The Barclays survey also interviewed companies about perceived barriers to investment in automation. The top three were: a perception that other projects should be prioritised (28%), a perception that there was a lack of need to invest in automation (21%) and a perceived lack of flexibility in automated and robotic equipment (25%).
In fact, lack of flexibility is something that robot manufacturers have been doing their best to address in recent years, with the introduction of flexible, lightweight robots which can work alongside people, such as ABB’s newest product Yumi (picture, above). Equipped with two hands, the robot can be easily trained to do almost anything from packaging toys and building kits to assembling electronic devices. 
Funding too is unlikely to be as much of a barrier as companies believe;  many banks are keen to fund investment in automation. Mike Rigby, head of Manufacturing at Barclays Bank, emphasises that automation is probably the most valuable investment companies can make.
“The economic analysis finds that a business can expect to see a return of £49 for every £1 invested in automation,” he told The Manufacturer. “The benefits are achieved by being more globally competitive and resilient.”
Firms are also concerned that investing in automation will result in job losses. Although, a moot point,  the consensus appears to be that, in reality, the reverse is true and automation can help firms to grow their business, and make better use of their staff across other areas.
Humanoid workers
There are also jobs that are too dangerous, dirty or difficult for human workers to do and some companies are taking steps to develop robots specifically for these types of tasks. Airbus, for instance, is exploring the feasibility of using humanoid robots for manufacturing.
The aerospace industry has yet to embrace the same levels of automation as the automotive sector. The technical intricacy and reduced economies of scale involved in aircraft assembly mean that the industry needs to develop it’s own solutions.
A four year project, a collaboration between Airbus and the Joint Robotics Laboratory (JRL), is developing algorithms on current robot models (such as the HRP-2 and HRP-43) and testing them on scenarios that fit the Airbus Group needs, namely civil aviation, helicopters, and space.
According to Airbus, humanoids helping out on the assembly line will carry out the most laborious and dangerous tasks, employing a new type of technology called multi-contact locomotion. This means  they will use their entire bodies to make contact with their environment rather than simply their feet, enabling them to enter confined spaces, climbing ladders, tighten bolts and remove metallic dust. As the project progresses, these robots could potentially help inform the first generation of humanoids built specifically for large-scale manufacturing.
Free automation
This scale of investment is out of reach for the vast majority of British firms. But the price of automation will inevitably come down and some believe that automation may even become ‘free,’ as the value model shifts to the ongoing support necessary for its effective deployment. 
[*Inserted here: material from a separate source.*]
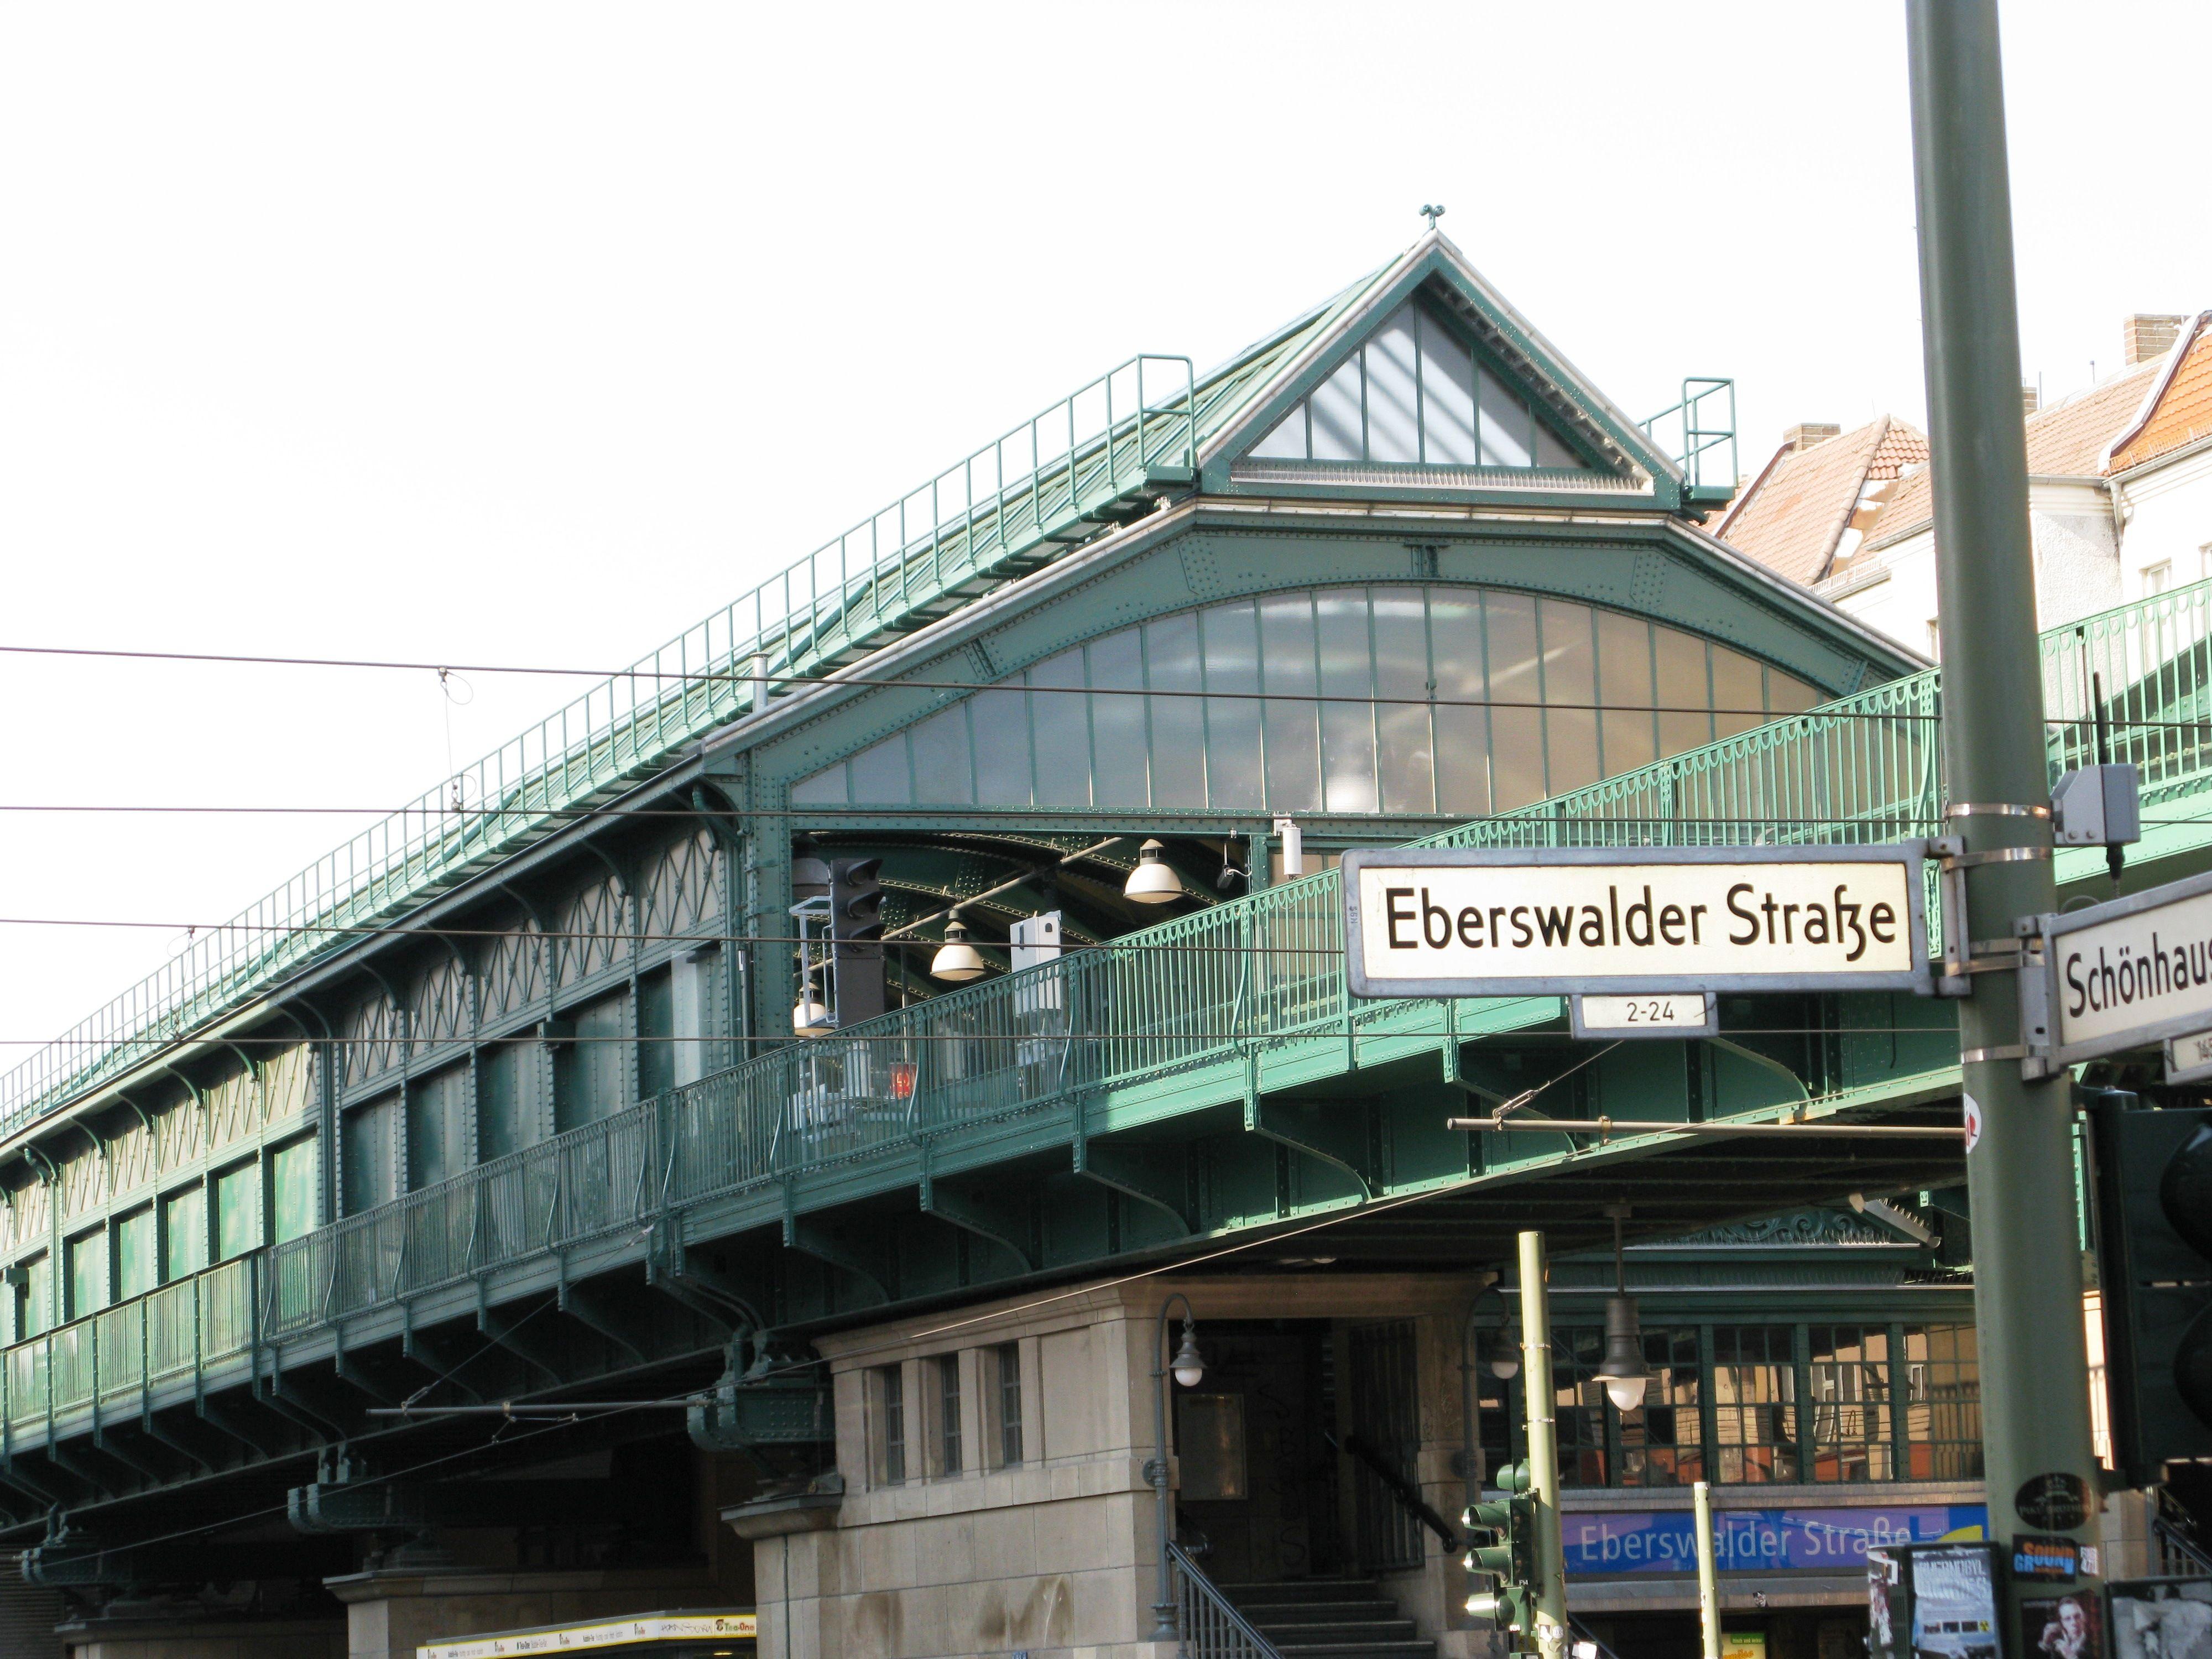 Eberswalder Strasse U Bahn Station Prenslauer Berg Berlin Germany Bahn Berlin U Bahn Station U Bahn
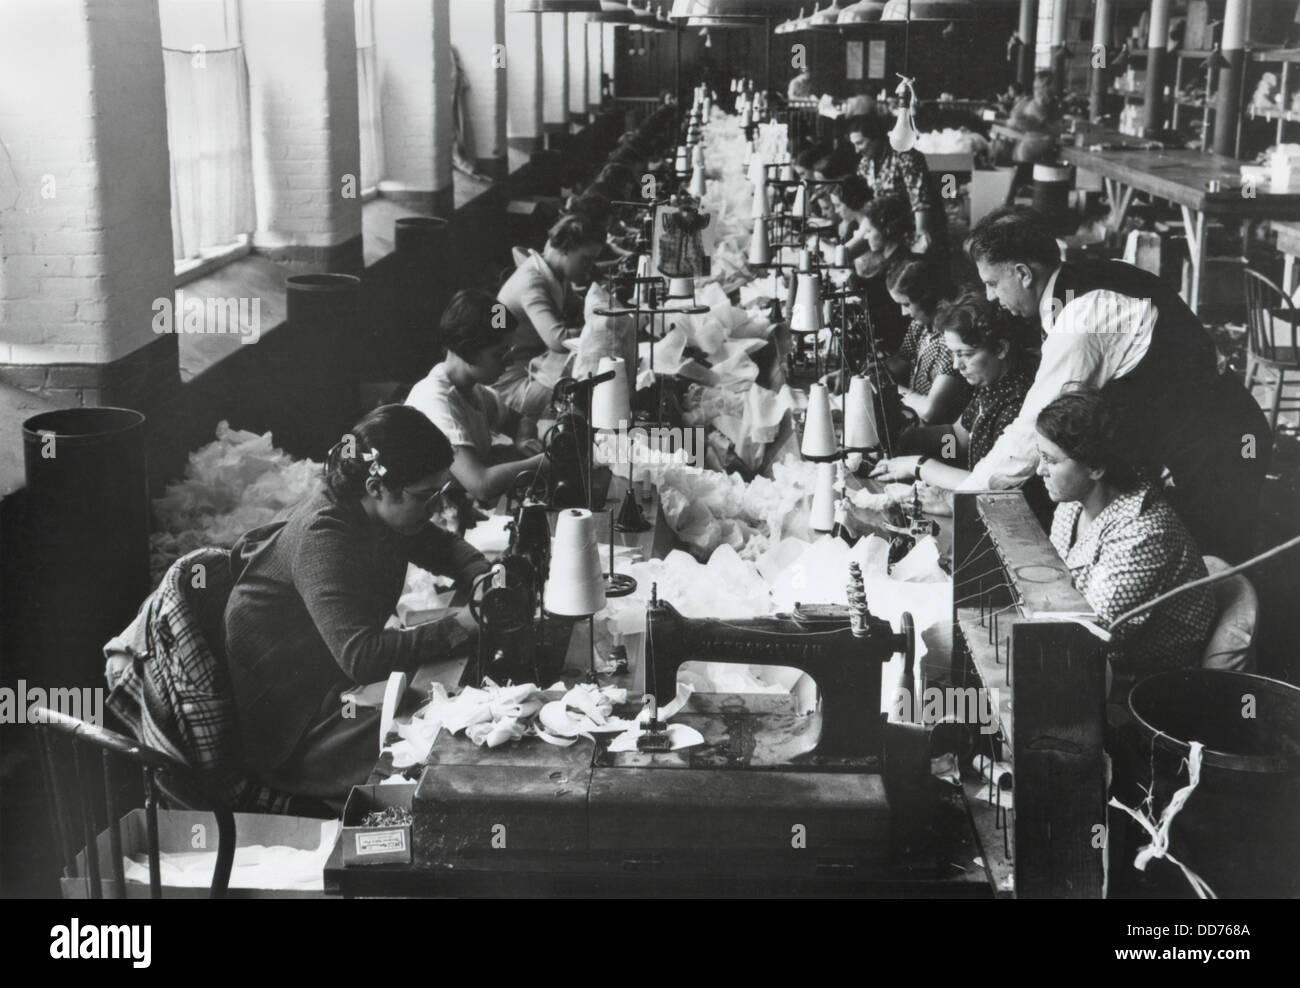 Women Sewing History Stockfotos & Women Sewing History Bilder - Alamy

This could result in a charging system much like the one that applies to current day mobile phones, with network operators providing a handset without upfront charge, in exchange for a contractual commitment to use added-value services.
But while the UK has one of the highest rates of mobile phones use in the world, the challenge of shifting the country’s lukewarm attitudes to automation remains. 
Two upcoming events provide an opportunity for UK manufacturers to discover the possibilities that automation presents: 
Automate UK – The Automation Advisory Board Thought Leadership Network’s annual conference takes place on 2 March 2016 in Birmingham and provides an opportunity to hear from industry experts and a technology showcase. 
On a larger scale, Automatica is the world’s largest showcase of robotics, assembly lines and machine-vision systems. The trade fair takes place every two years and the next event is in Munich, 21-24 June, 2016.